I hate the hypnotist power of the internet
Note to myself: Never trust in Goats anymore.
Ok. So.. I felt ready. After some hours stuck with the computer, refining my CV, my website (that you can check out in here) and looking for some job opportunities on linked in, I thought myself:” You’ve done enough of internet today, you feel ready now to close it and start writing a bit on your next short film screenplay”. The only thing that was pushing me away from my goal was this message I had to write to my girlfriend: ‘It’s alright, I’m not mad, we’ll talk tomorrow’. Simple task.. yet fuckin’ hard.

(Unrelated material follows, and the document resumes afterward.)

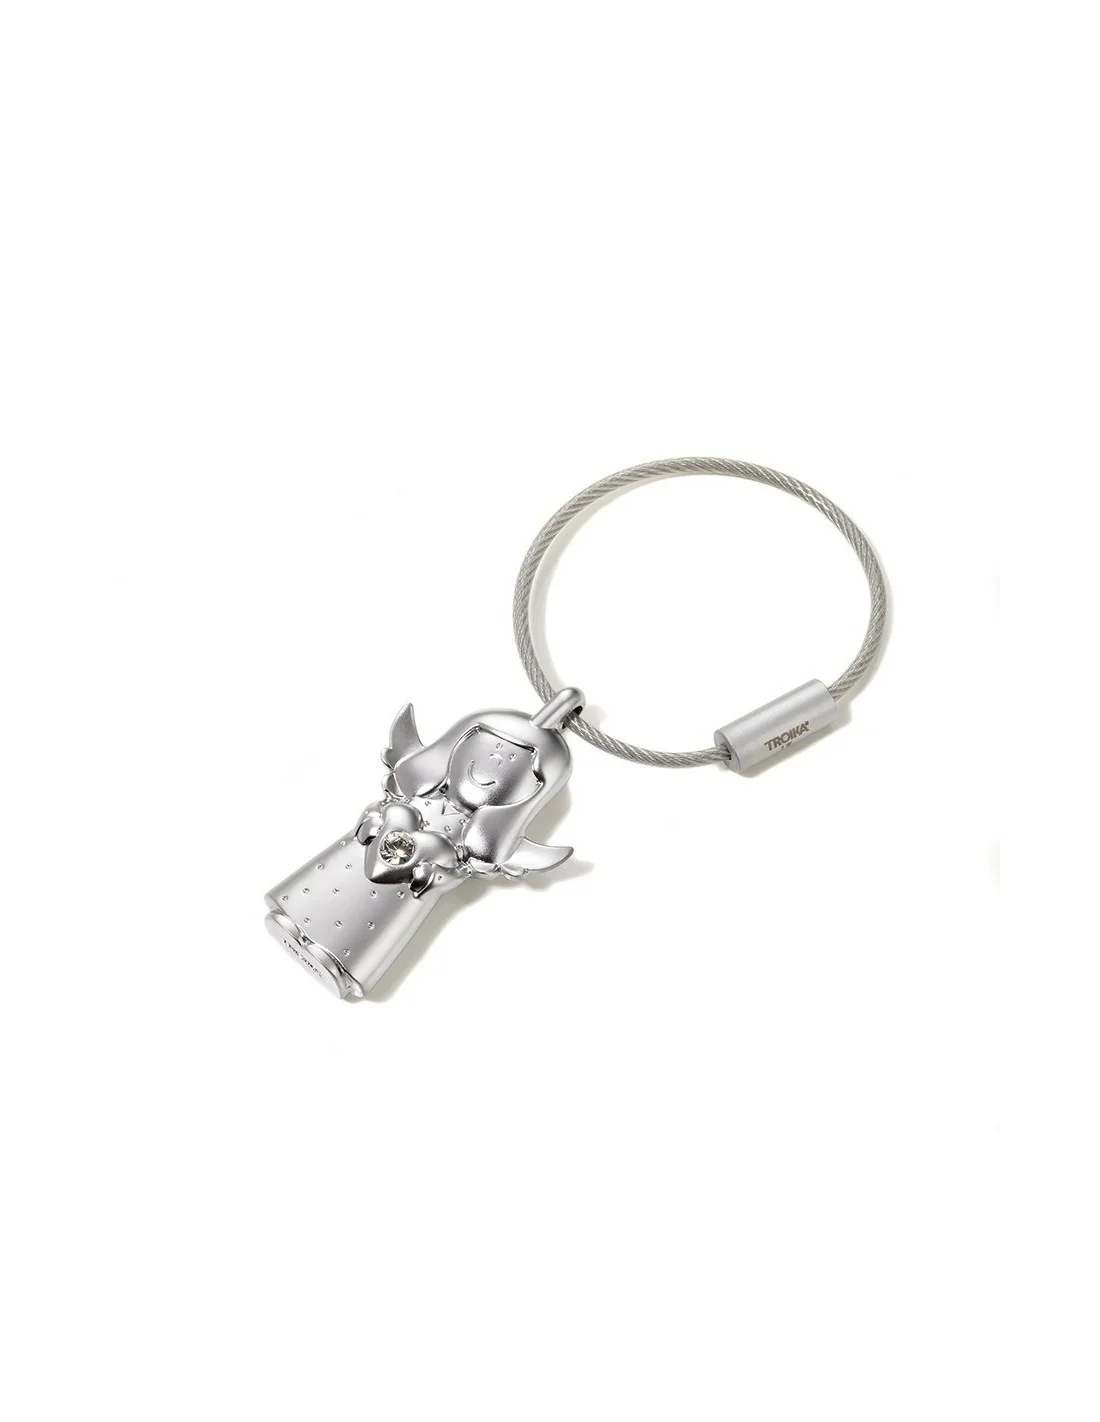 Ibera gifts - Personalisierter Metall-/Tuch-Schlüsselanhänger

I opened chrome (then I realized it was already opened), pressed ctrl+t (I already had tons of tabs opened as well), typed ‘f’ and ‘send’ with the speed of an ewok running away from the troops. And right after that, saw that video, that video with a llama in it that said ‘Livin’ on a prayer Goat version’. I had no other chance. I clicked on it.. and suddenly..
Forgot everything. Blank page on my brain. Nothingness in my stream of consciousness.
Two motherfuckin’ hours later I found myself watching some irani blog that claimed it would help me to make money by recording myself masturbating with an orange.
My girlfriend dumped me in a matter of seconds.
And I never wrote single word of my screenplay. Of course.